THE PROBLEM:
Return each line of the listing exactly, though without its images.

THE DATA:
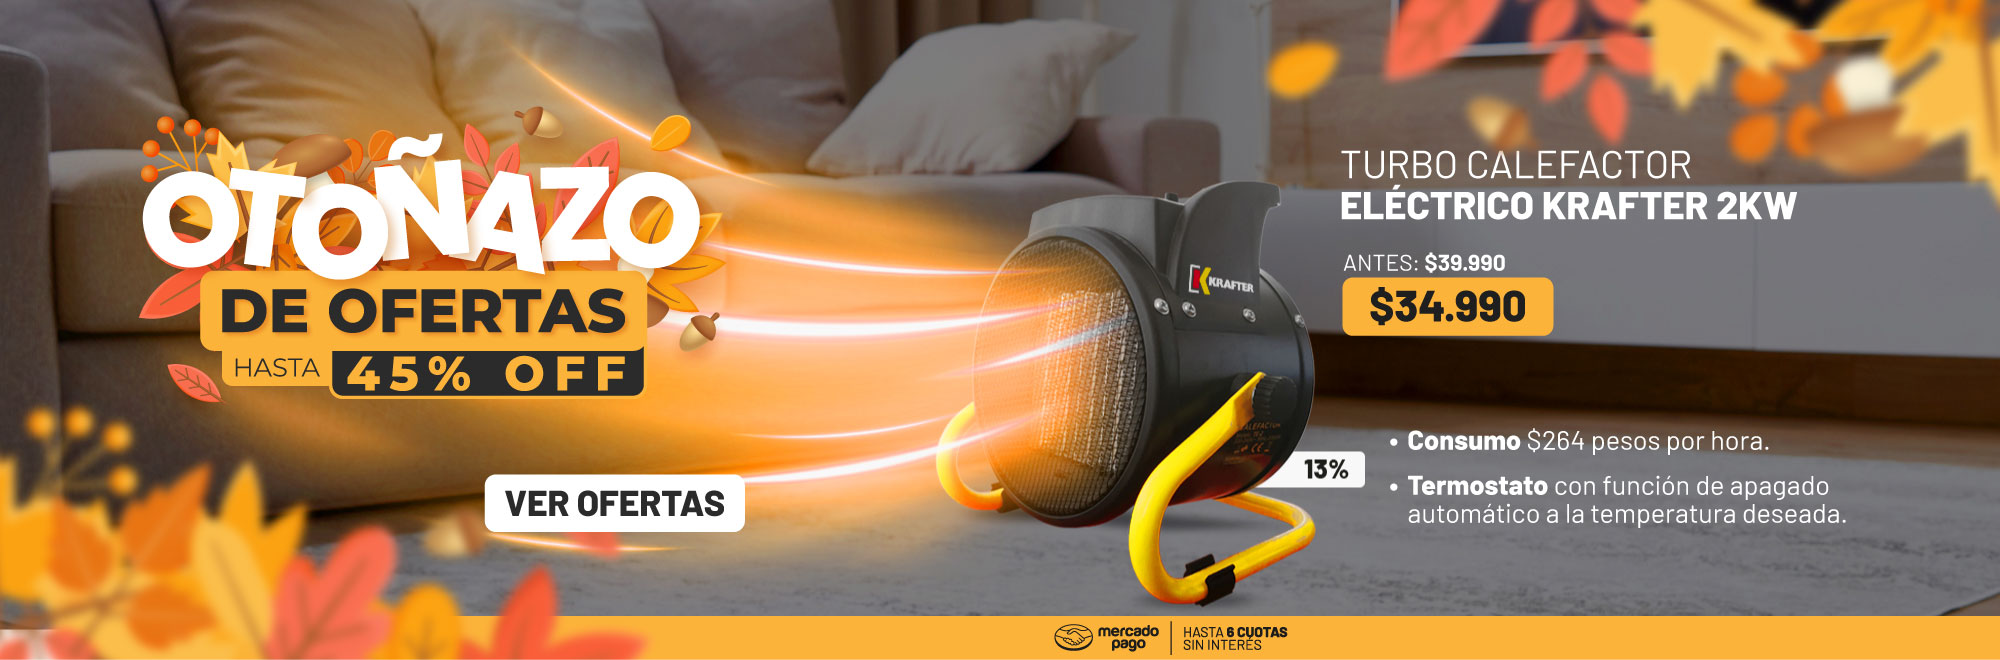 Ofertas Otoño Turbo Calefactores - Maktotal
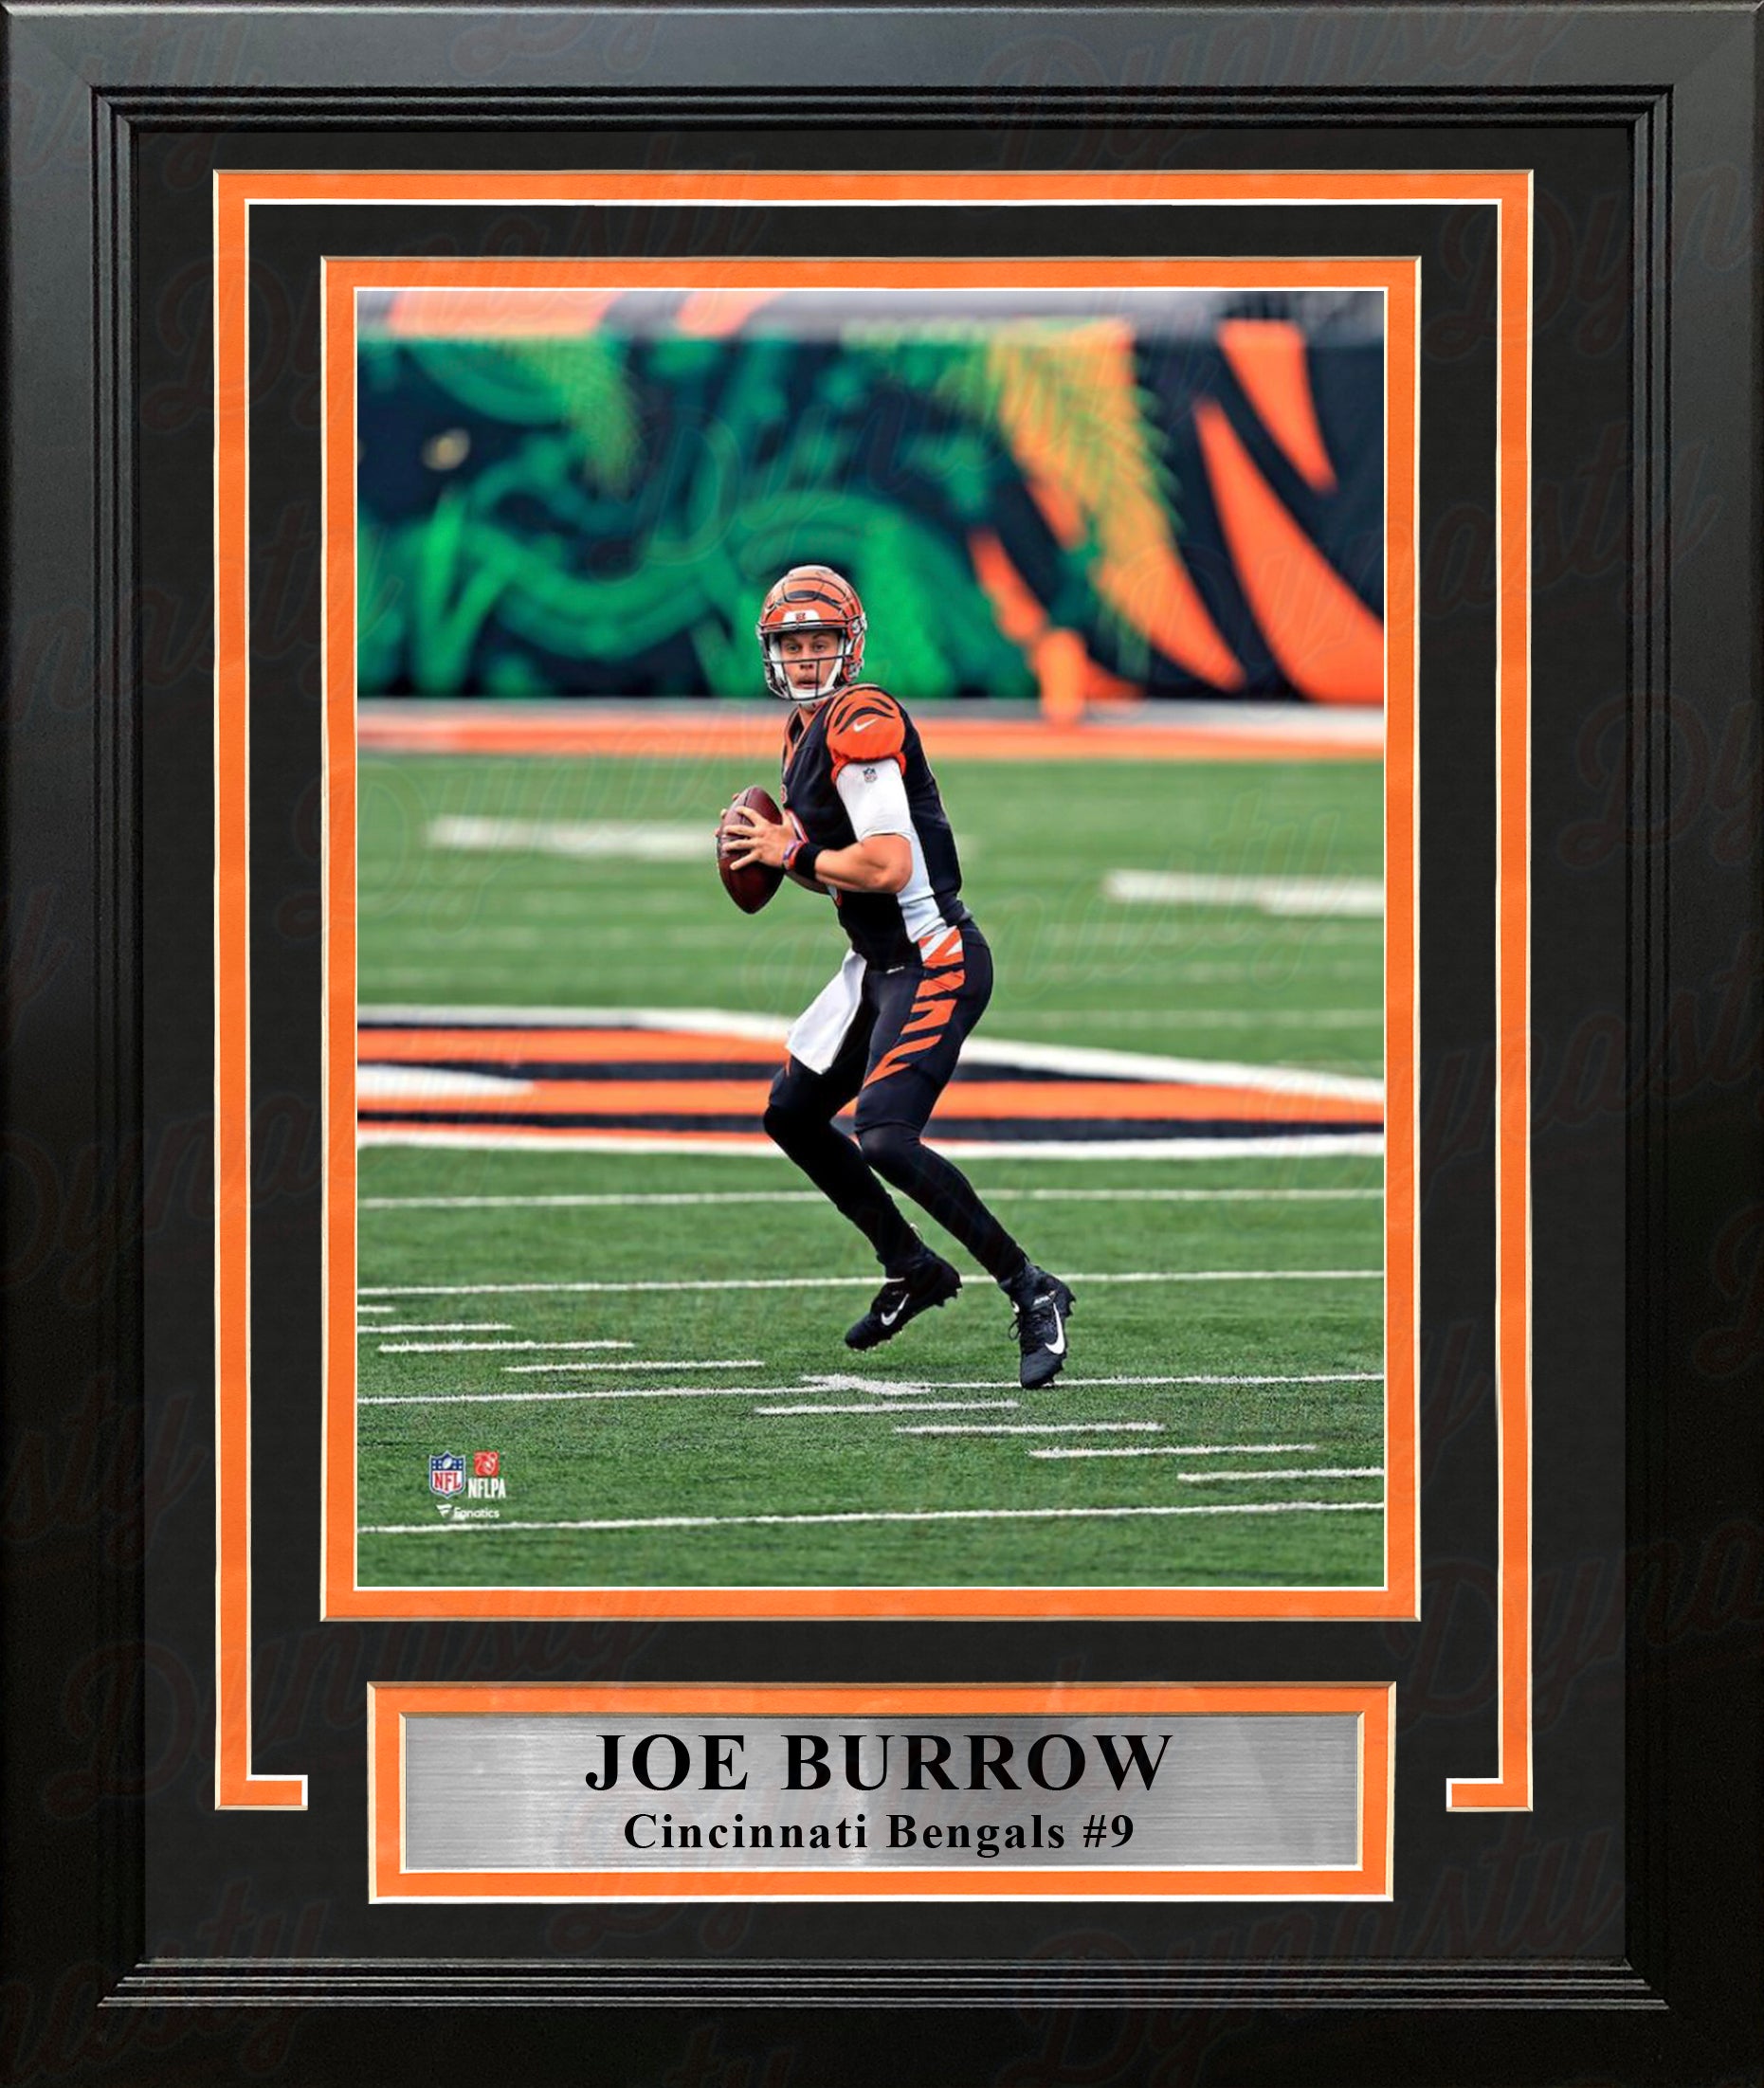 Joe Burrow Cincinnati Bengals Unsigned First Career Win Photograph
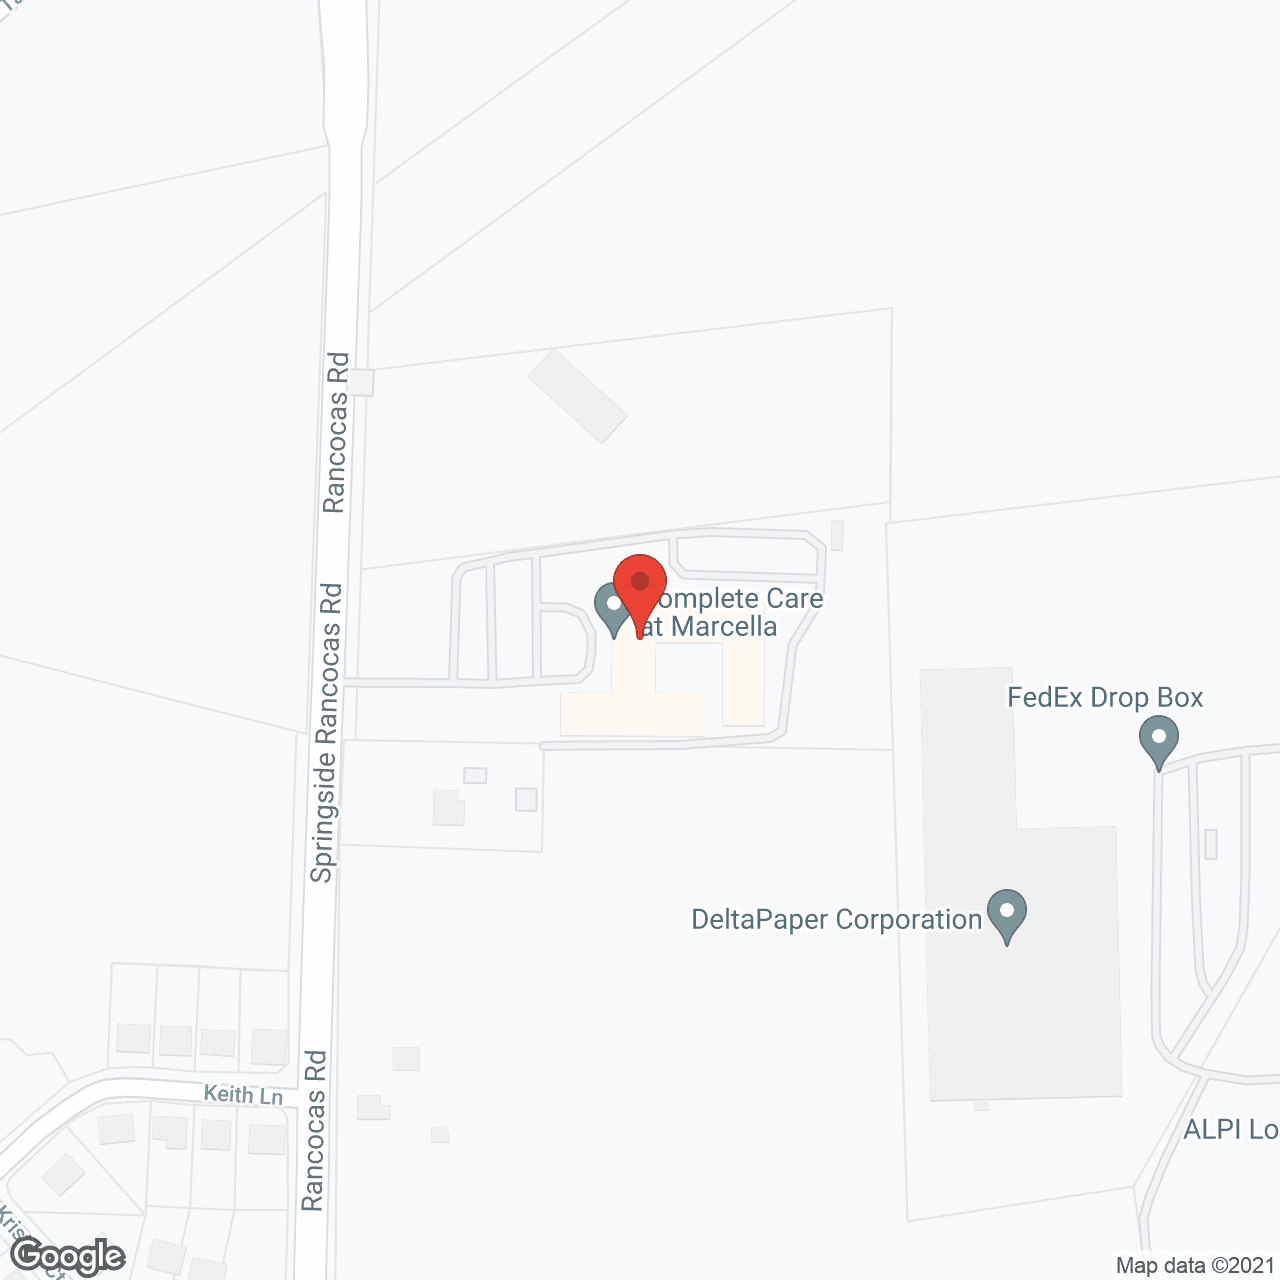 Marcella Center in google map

TASK OUTPUT:
 Ofertas Otoño Turbo Calefactores - Maktotal
 Joe Burrow Cincinnati Bengals Unsigned First Career Win Photograph
 Marcella Center in google map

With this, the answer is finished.